New Largest Known Prime Discovered
posted almost 12 years ago
A new prime has been found, taking two rather interesting titles. First, it's now the largest known prime. That's cool, right? But even cooler is that this new prime is the 48th known Mersenne prime. Mersenne primes take the form (2^p)-1, where p itself is a prime. That is, Mersenne primes are primes that are one less than a power of 2. The list begins with 3, 7, 31, 127, ... It is not known if there are infinite Mersenne primes or not.
This prime is (2^57,885,161)-1, which is 17,425,170 digits long. Typing this out in MS Word using the standard font size (TNR, size 12, default margins) would result in a 5000+ page document.

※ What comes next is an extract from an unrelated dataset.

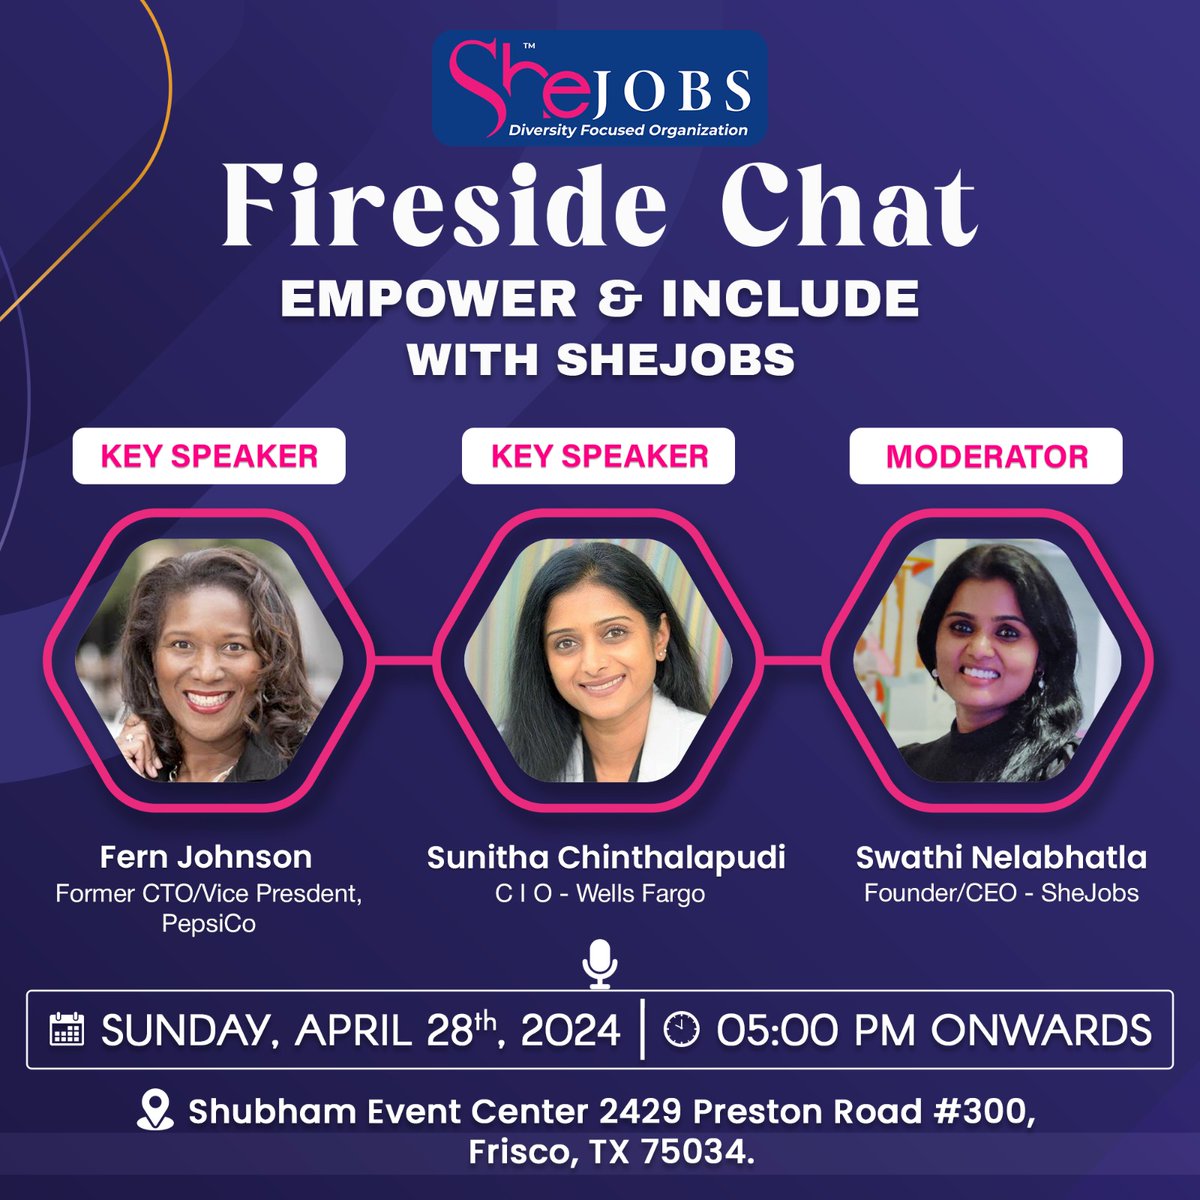 Get ready for an insightful fireside chat at 'Empower and Include' event! Our professional fireside chat will feature guest speakers Fern Johnson and Sunitha Chinthalapudi, moderated by SheJobs Founder Swathi Nelabhatla. Let's come together for an inclusive conversation! In

Mersenne primes are neat not just because of their form, but because they are related to perfect numbers. If M is a Mersenne prime, then M(M+1)/2 is a perfect number. Perfect numbers are numbers that can be expressed as the sum of their proper positive divisors (its divisors, not including itself). This list begins as 6, 28, 496, 8128, ... The proper positive divisors of 6 are 1, 2, 3, which add up to make 6.
The prime was found via the Great Internet Mersenne Prime Search (GIMPS). This utilizes the computing power of a network composed of volunteers in order to find more Mersenne Primes.